There are four major ways that segregation is hurting African Americans today: (1) stereotypes and bias, (2) policing, (3) Black homeownership, and (4) community disinvestment. In one way or another, we can see how each of the four harms of segregation is manifested in the McKinney, Texas swimming pool incident.

Research says that African American boys are viewed as older than they are by white authority figures and therefore are viewed with less presumed innocence. This is reflected in the fact that Brandon Brooks, who is white and who shot the video in McKenney, told a TV station:

“You can see in part of the video where [Officer David Eric Casebolt] tells us to sit down, and he kind of like skips over me and tells all my African-American friends to go sit down.”

Brandon Brooks is assumed to be innocent and Officer Casebolt allows Brooks to walk around freely recording the incident while nearly all African American boys are forced to lie on the ground or sit on the grass.

We can see Officer Casebolt running around yelling at Black boys to “get on the ground” and slamming teenager Dajerria Becton to the ground before placing his knee into her back as she cried for her mother. At one point, Casebolt even pulls his gun out on two African-American teenage boys and they hurriedly ran away in fear.
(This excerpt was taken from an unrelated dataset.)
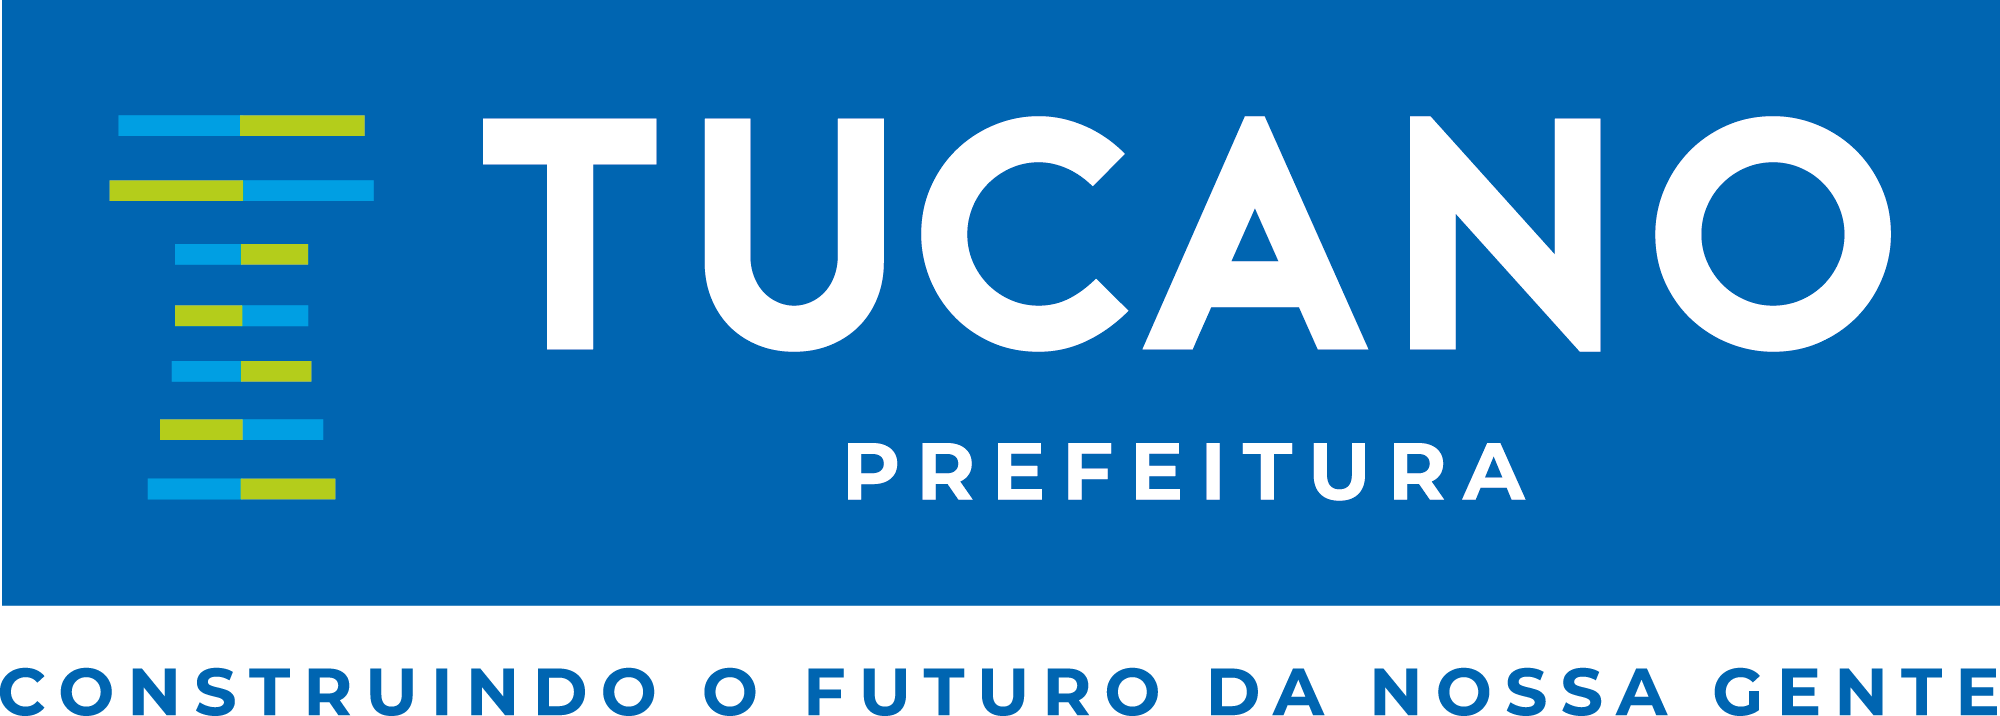 Prefeitura de Tucano

American policing also is taking place in the context of racial segregation. Only 35 percent of white police officers live in the cities where they serve in the 75 largest urban areas, meaning that 65 percent of white officers are commuting from the suburbs to their jobs in big cities. Additionally, there is a significant race gap in the percentage of white residents that live in the community and the percentage of white police that serve on the police force.
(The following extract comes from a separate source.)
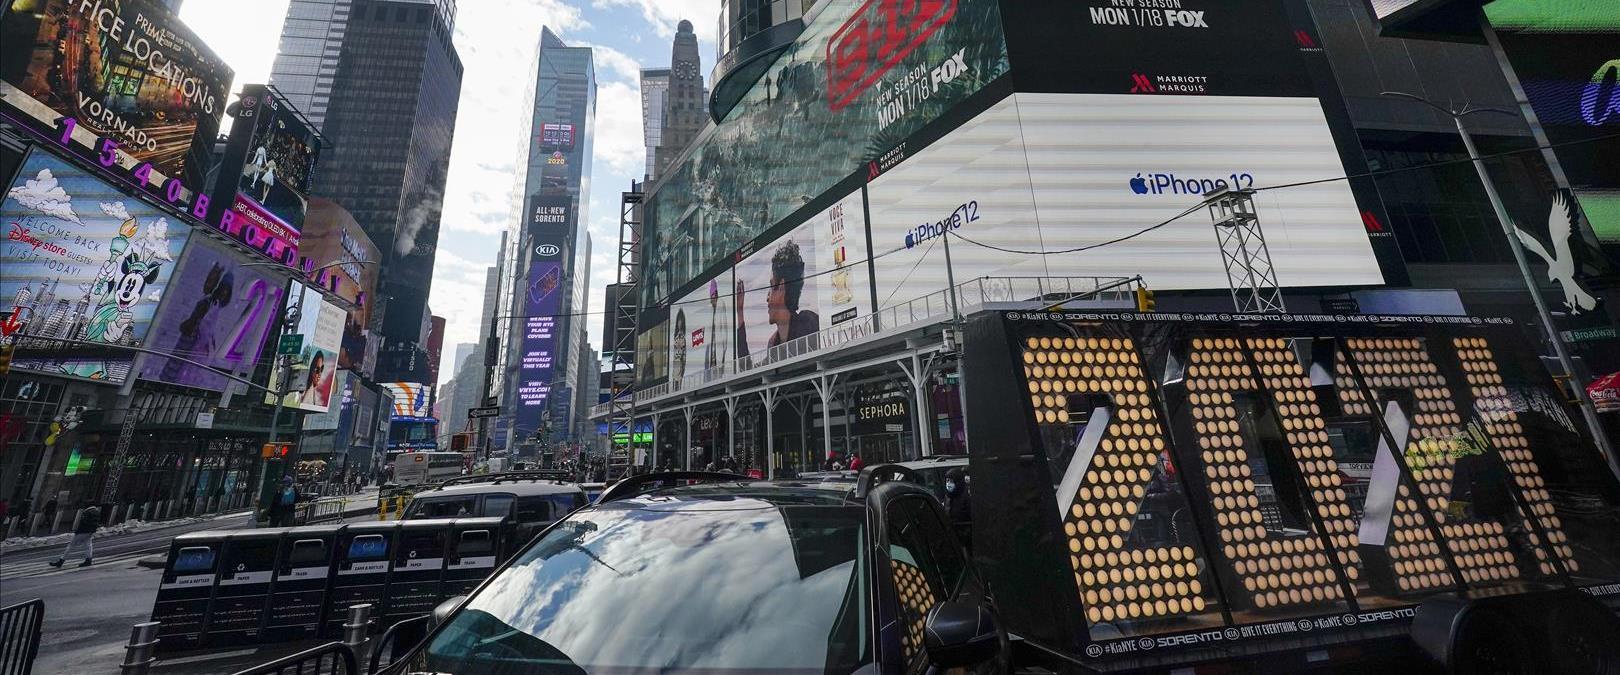 כיכר טיימס בניו יורק, השבוע

 In many metro areas, white officers are commuting from disproportionately white suburbs to police disproportionately Latino and African American communities. Research shows that when U.S. cities are broken up into quintiles according to a segregation index, excessive complaints are over 3 times higher in the fifth quartile than they are in the fourth quartile (see chart below). In other words, the higher the segregation index for a city, the more likely excessive force will be the result of police-resident interactions.
From Police Use of Excessive Force in Minority Communities by Brad Smith & Malcolm Holmes

Black homebuyers have also faced challenges due to housing segregation, both in terms of the additional money that they pay when compared to their white counterparts and in terms of finding fair and affordable housing. A housing organization called the Inclusive Communities Project attempted to build affordable housing for low-income Black and Latino families only to be rebuffed by City of McKinney and the Housing Authority of the City of McKinney. The City of McKinney, it should be noted, is a suburb of Dallas and suburbs are notorious for practicing segregation and even having sundown laws, according to James Loewen in his book “Sundown Towns: A Hidden Dimension of American Racism.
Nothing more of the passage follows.